Ending novel Wesel Pos ini cukup terbuka lebar jika akan dibuat sekuel. Kehidupan Elisa akan lebih pelik setelah kejadian tragis yang menimpa Fahri. Dan tentu saja kisah roman Elisa ini berpotensi besar dijadikan novel sekuel, kira-kira Elisa akan bertemu siapa lagi selama di Jakarta ini.

Nah, jika kita perhatikan di belakang kover novel ini, ada kode rate 18+ yang tentu saja artinya novel ini memiliki muatan alur cerita yang pantasnya dibaca oleh pembaca dewasa. Dalam benak saya, rate tersebut menyiratkan adegan vulgar semata. Ketahuan nih kalo sempit banget pemahaman saya, taunya ada adegan indehoy aja.

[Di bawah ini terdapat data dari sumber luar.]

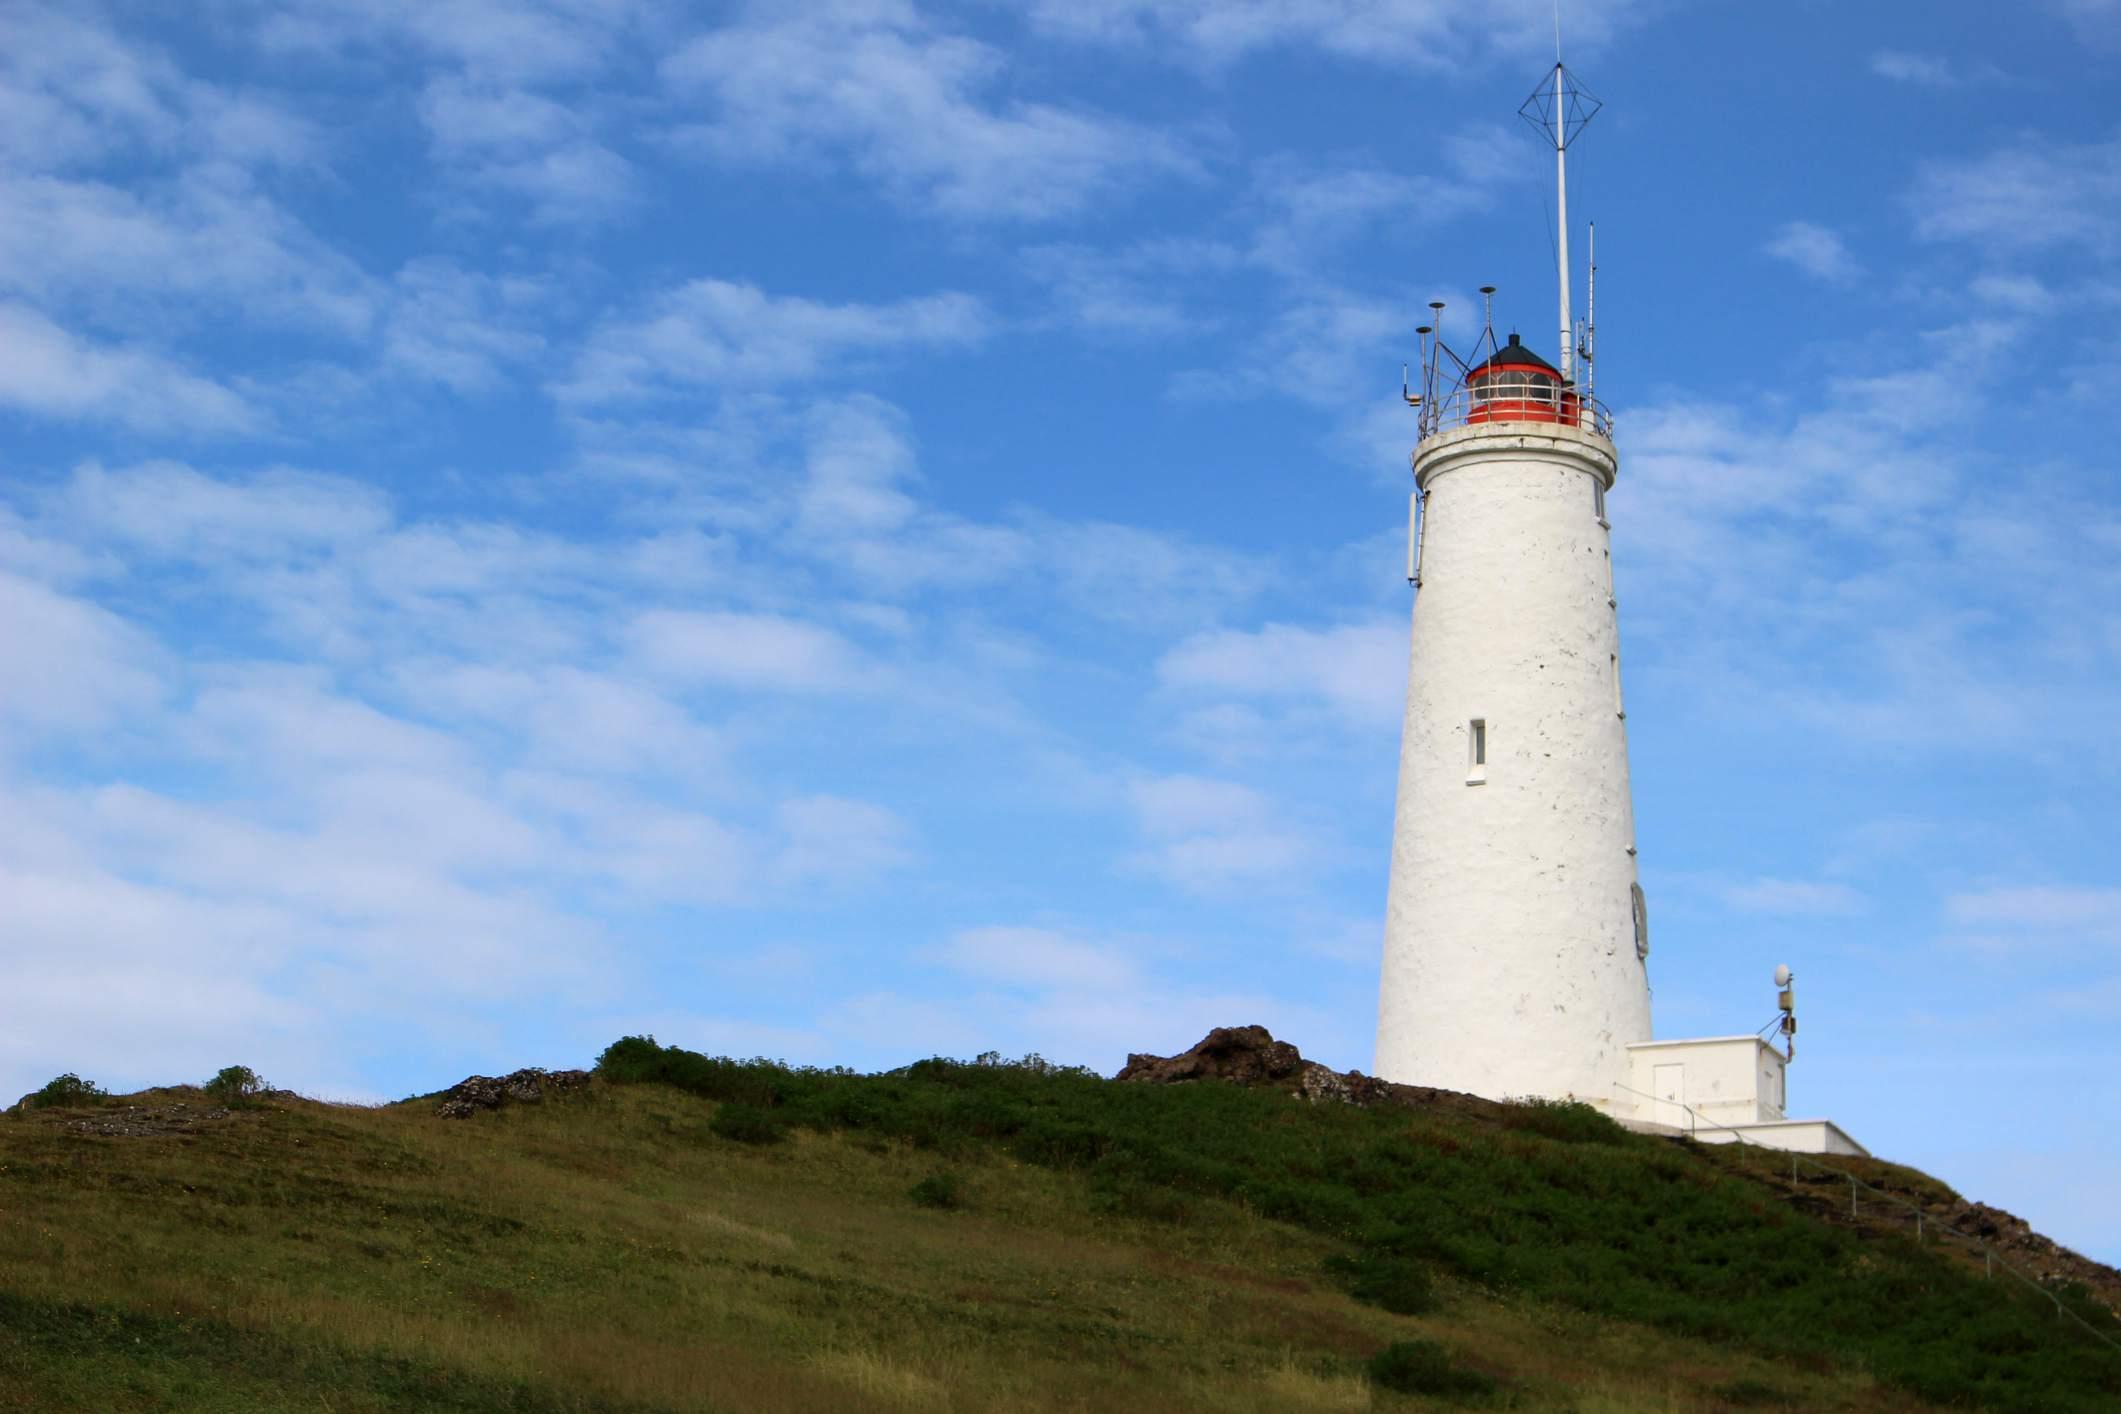 View of Reykjanes Lighthouse (Reykjanesviti), Iceland's oldest lighthouse.

Tetapi di novel ini justru adegan vulgarnya minim sekali. Langsung mengelus dada, menghela nafas, yah huft! Rupanya yang dimaksud muatan dewasa dalam novel ini lebih ke konteks kehidupan banci dan transaksi narkoba. Dua hal ini jelas belum pantas dibaca oleh pembaca remaja atau anak-anak, sehingga peringatan rate ini sudah tepat.

Apakah novel Wesel Pos karya Ratih Kumala ini menarik?

Secara keseluruhan saya puas sekali bisa membaca cerita Elisa dan Fahri di novel ini. Tidak perlu pusing memahami ceritanya karena alurnya bergulir lancar bak aliran air di sungai pada musim hujan. Eh, tapi kan suka ada banjir bandang? Iya, di novel ini juga ada bagian yang bikin tegang, pas penyergapan Fahri itu, anggap aja itu banjir bandangnya, hehe.

Jika mesti saya nilai, saya akan kasih 4 bintang dari 5 bintang. Perkenalan yang manis bukan? Makanya novel selanjutnya yang akan saya baca pun masih karya Ratih Kumala, sebuah kumpulan cerita berjudul Larutan Senja. Nantikan ya resensinya. 

Sekian ulasan dari saya, terakhir, jaga kesehatan dan terus membaca buku!